#### [Data shown]

☆ ☆ ☆ ☆ ☆ ☆ ☆

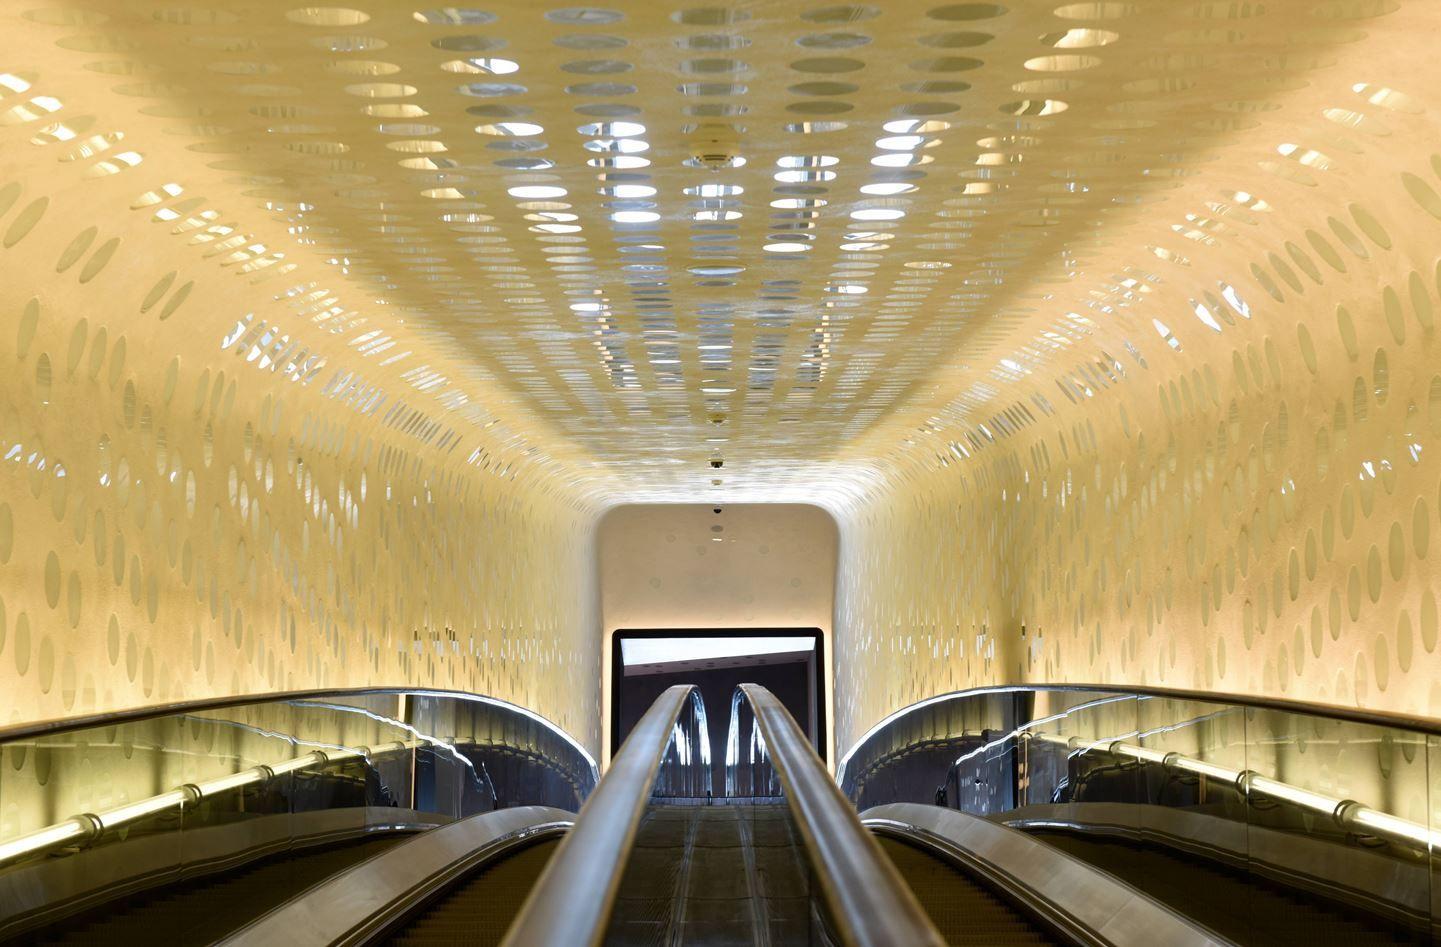 Elbphilharmonie Picture Gallery Building Innovative Architecture Architecture
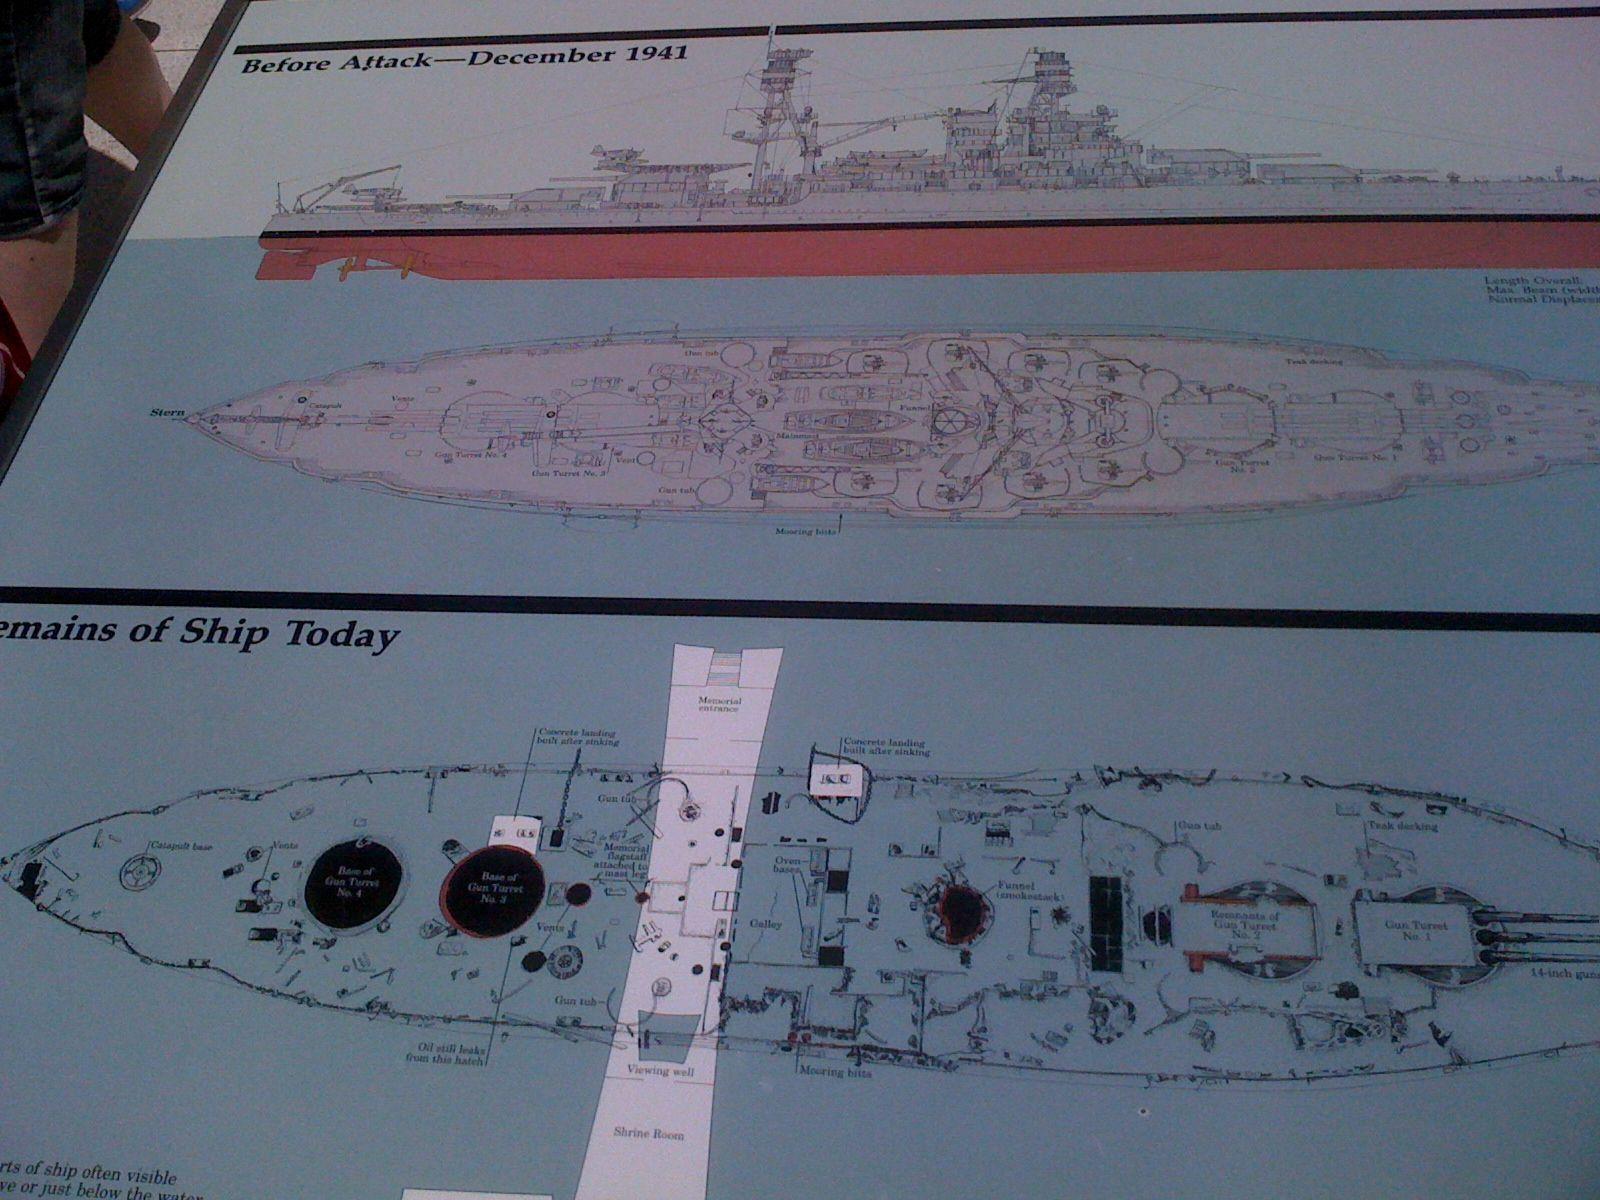 USS Arizona Diagram Uss arizona memorial, Uss arizona
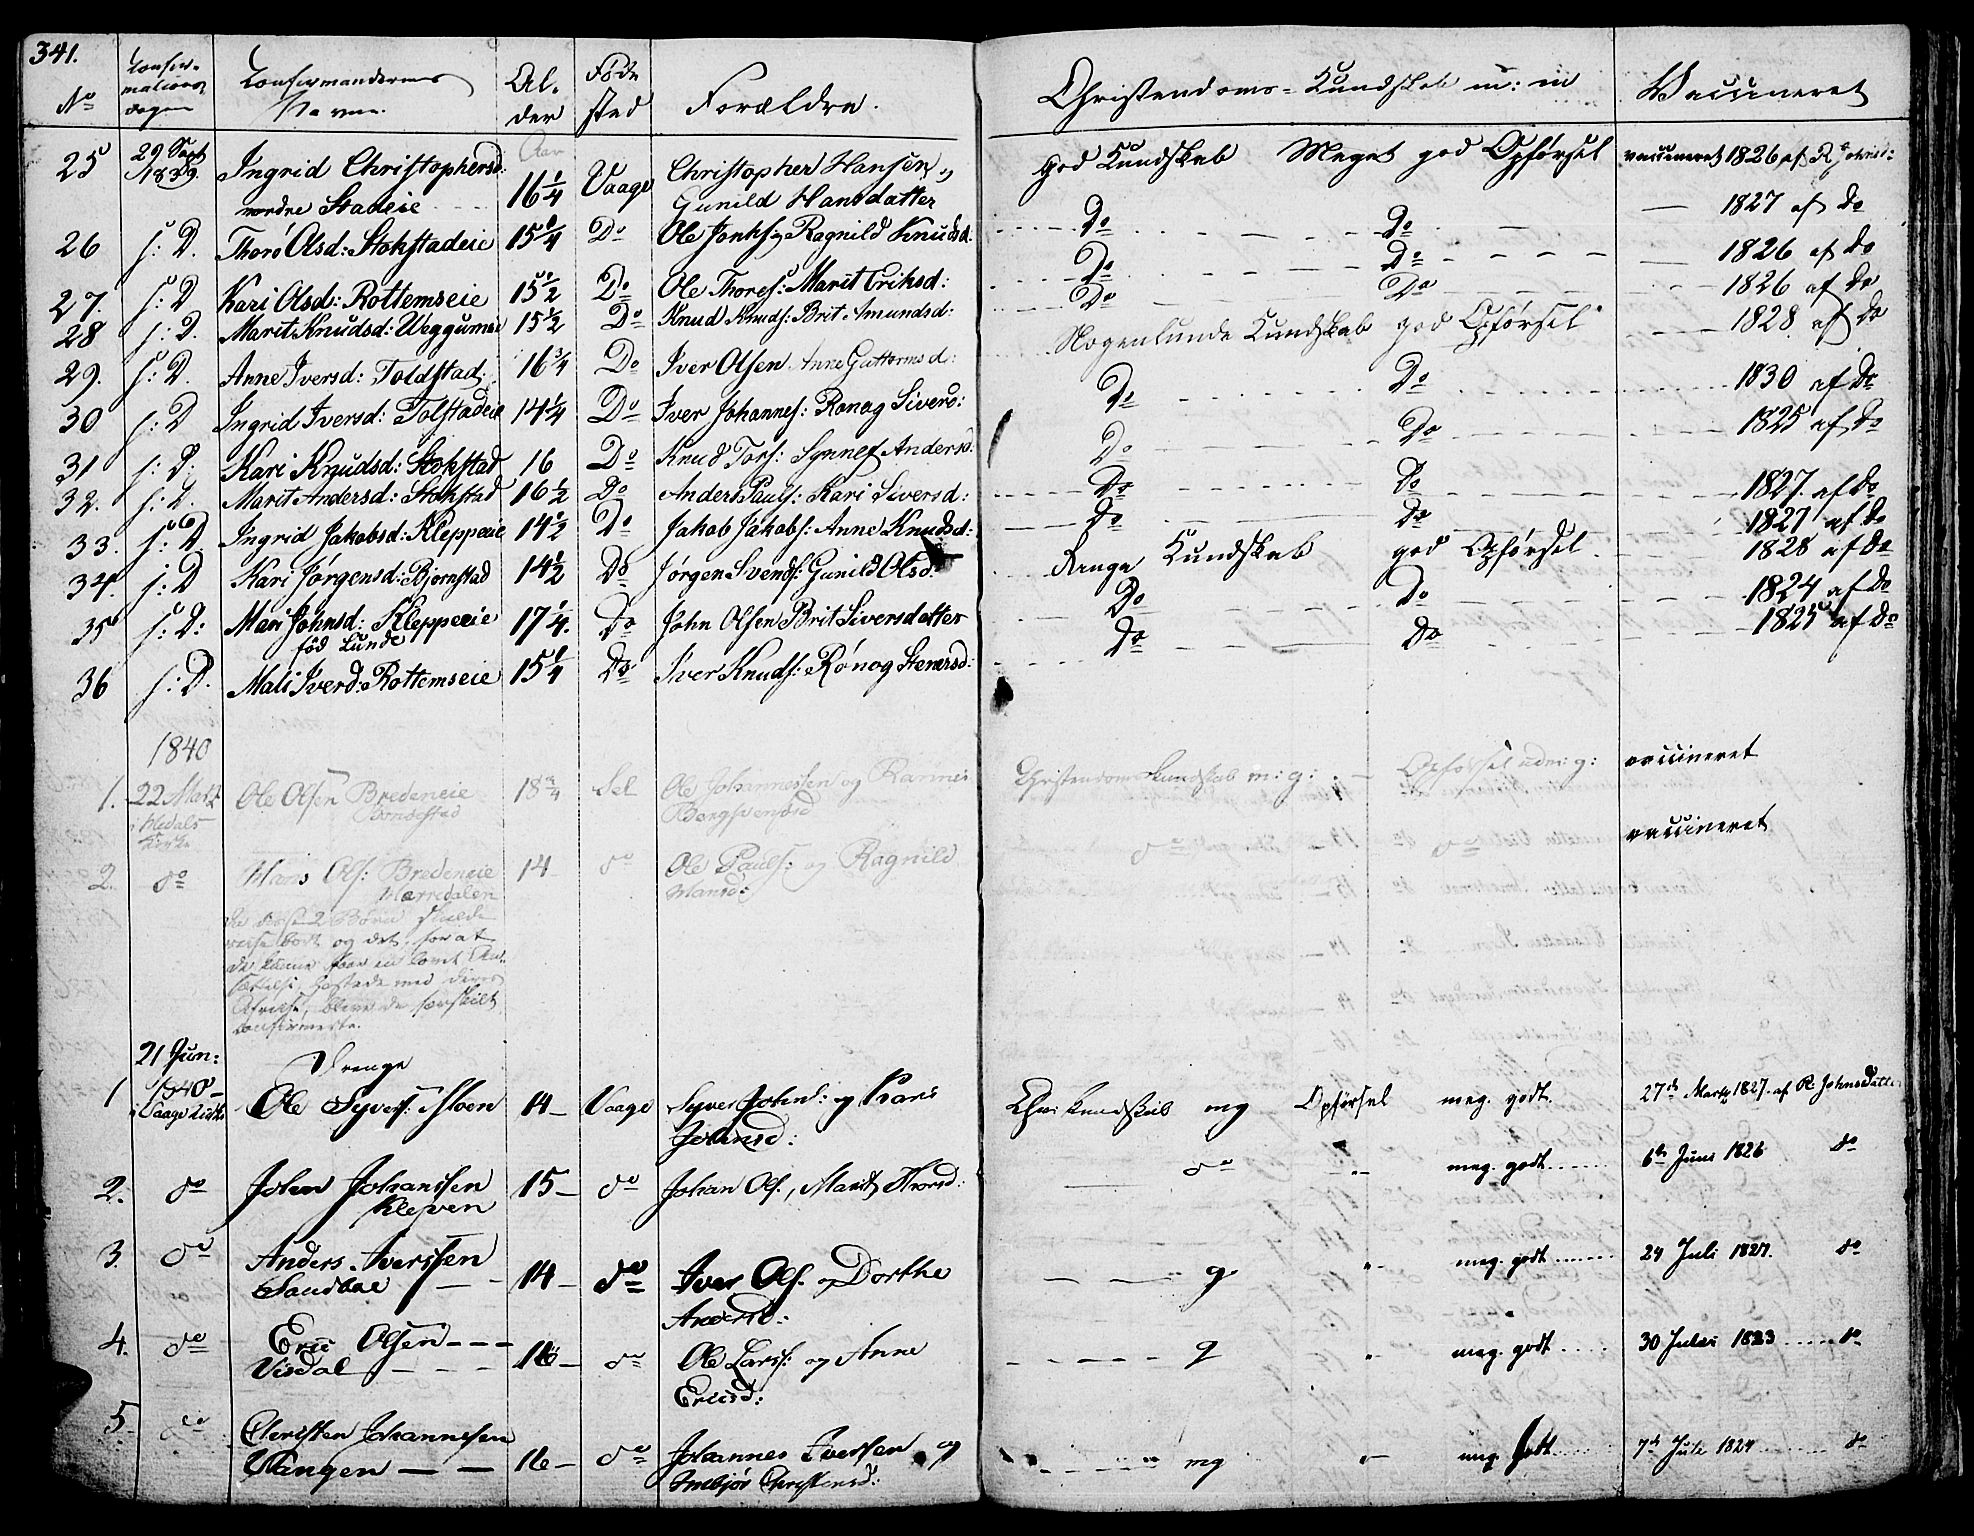 SAH, Vågå prestekontor, Ministerialbok nr. 4 /1, 1827-1842, s. 341

☆ ☆ ☆ ☆ ☆ ☆ ☆

#### [Task statement]
Set down the material above exactly. Skip any picture.

#### [Output of the task]
 Elbphilharmonie Picture Gallery Building Innovative Architecture Architecture
 USS Arizona Diagram Uss arizona memorial, Uss arizona
 SAH, Vågå prestekontor, Ministerialbok nr. 4 /1, 1827-1842, s. 341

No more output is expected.